— Положим… Ну хорошо: пусть даже так. А что дальше?
— Смешно! Совершенно ребяческий вопрос. Расскажи что-нибудь детям — все до конца, а они все-таки непременно спросят: а дальше, а зачем?
— Дети — единственно смелые философы. И смелые философы — непременно дети. Именно так, как дети, всегда и надо: а что дальше?
— Ничего нет дальше! Точка. Во всей вселенной — равномерно, повсюду — разлито…

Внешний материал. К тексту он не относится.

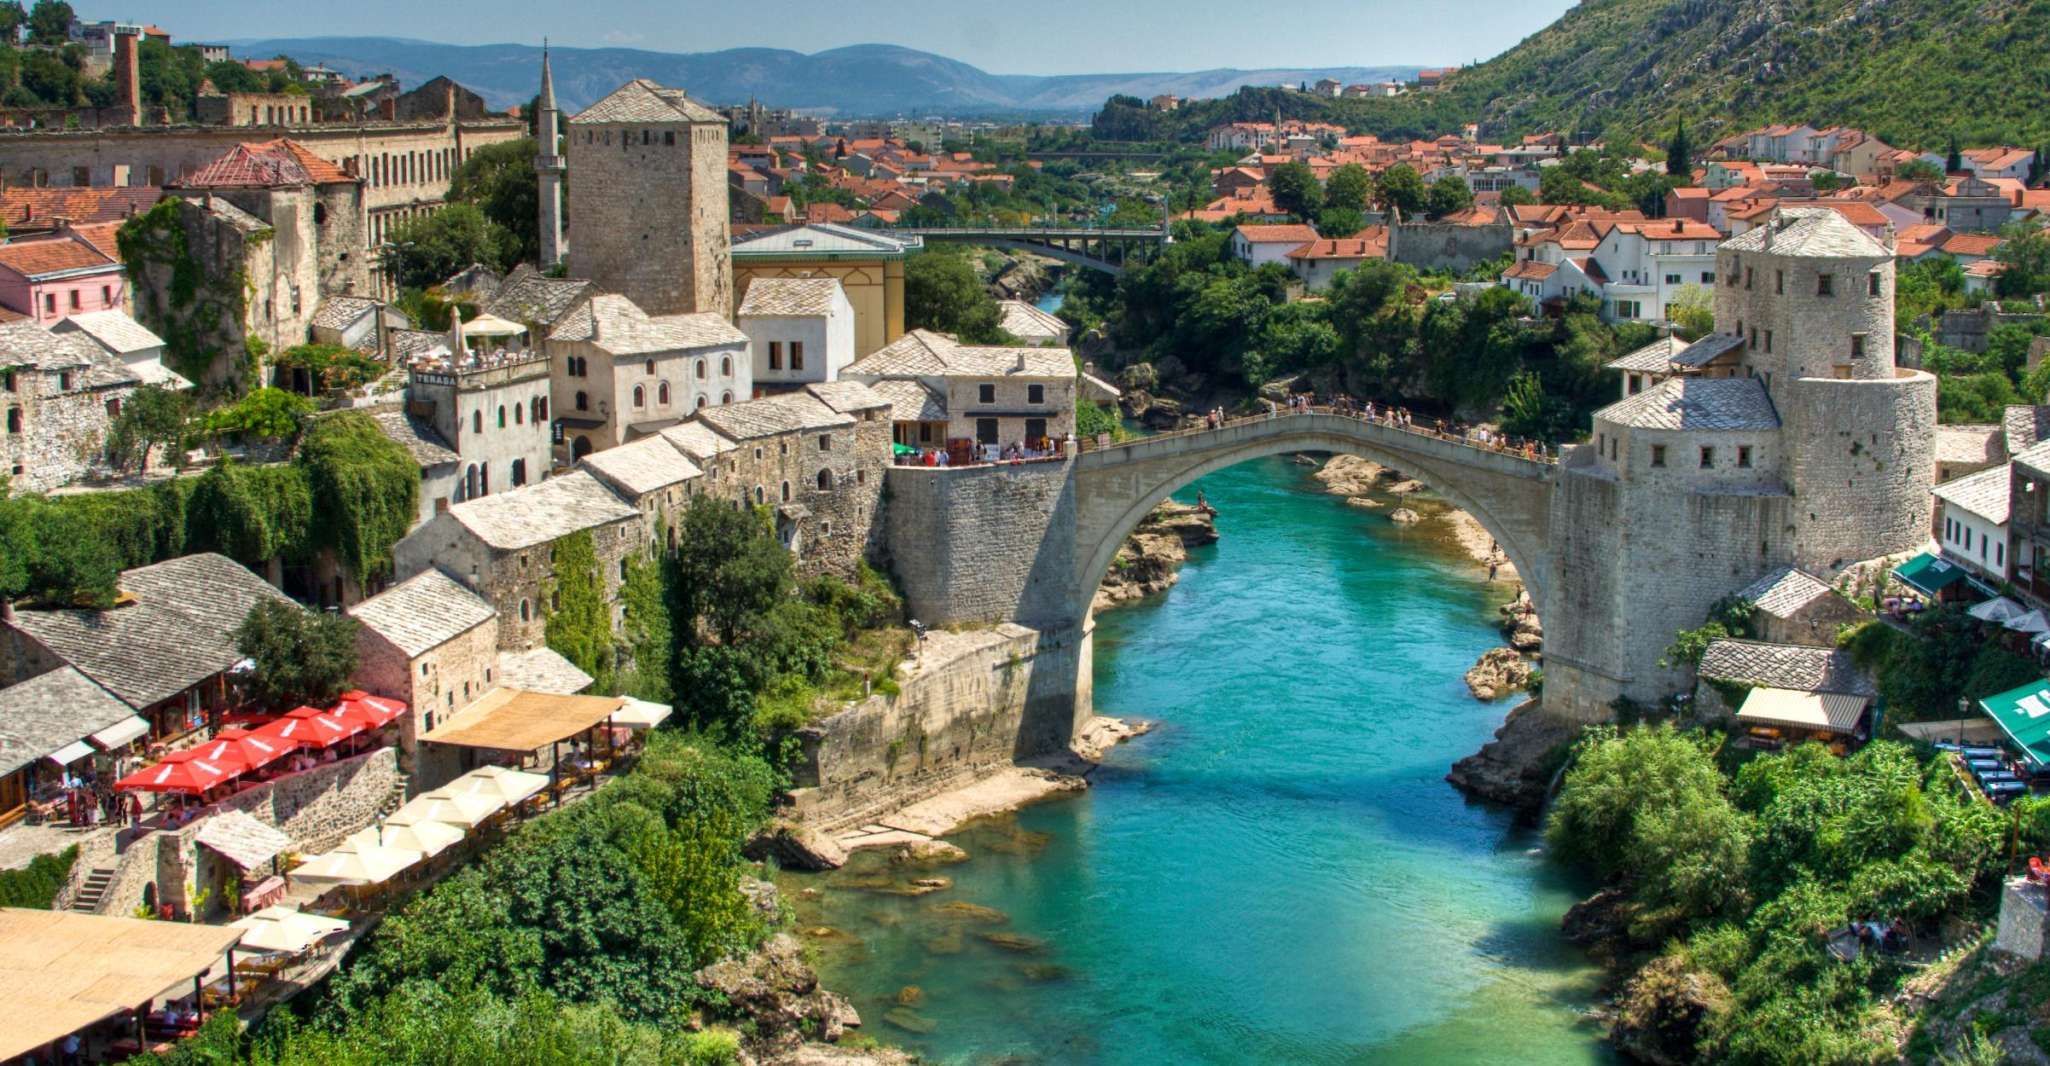 Mostar & Kravica Waterfall, Small Group Tour from Dubrovnik - Housity

— Ага: равномерно, повсюду! Вот тут она самая и есть — энтропия, психологическая энтропия. Тебе, математику, — разве не ясно, что только разности — разности — температур, только тепловые контрасты — только в них жизнь. А если всюду, по всей вселенной, одинаково теплые — или одинаково прохладные тела… Их надо столкнуть — чтобы огонь, взрыв, геенна. И мы — столкнем.
— Но, I, — пойми же, пойми: наши предки — во время Двухсотлетней Войны — именно это и сделали…
— О, и они были правы — тысячу раз правы. У них только одна ошибка: позже они уверовали, что они есть последнее число — какого нет в природе, нет. Их ошибка — ошибка Галилея: он был прав, что земля движется вокруг солнца, но он не знал, что вся солнечная система движется еще вокруг какого-то центра, он не знал, что настоящая, не относительная, орбита земли — вовсе не наивный круг…
— А вы?
— А мы — пока знаем, что нет последнего числа. Может быть, забудем. Нет: даже наверное — забудем, когда состаримся — как неминуемо старится все. И тогда мы — тоже неизбежно вниз — как осенью листья с дерева — как послезавтра вы… Нет, нет, милый, — не ты. Ты же — с нами, ты — с нами!
Разгоревшаяся, вихревая, сверкучая — я никогда еще не видел ее такой — она обняла меня собою, вся. Я исчез…
Последнее — глядя прочно, твердо в глаза мне:
— Так помни же: в двенадцать.
И я сказал:
— Да, я помню.
Ушла. Я один — среди буйного, разноголосого гама — синих, красных, зеленых, бронзово-желтых, оранжевых…
Да, в 12… — и вдруг нелепое ощущение чего-то постороннего, осевшего на лицо — чего никак не смахнуть. Вдруг — вчерашнее утро, Ю — и то, что она кричала тогда в лицо I… Почему? Что за абсурд?
Я поторопился выйти наружу — и скорее домой, домой…
Где-то сзади я слышал пронзительный писк птиц над Стеной. А впереди, в закатном солнце — из малинового кристаллизованного огня — шары куполов, огромные пылающие кубы-дома, застывшей молнией в небе — шпиц аккумуляторной башни. И все это — всю эту безукоризненную, геометрическую красоту — я должен буду сам, своими руками… Неужели — никакого выхода, никакого пути?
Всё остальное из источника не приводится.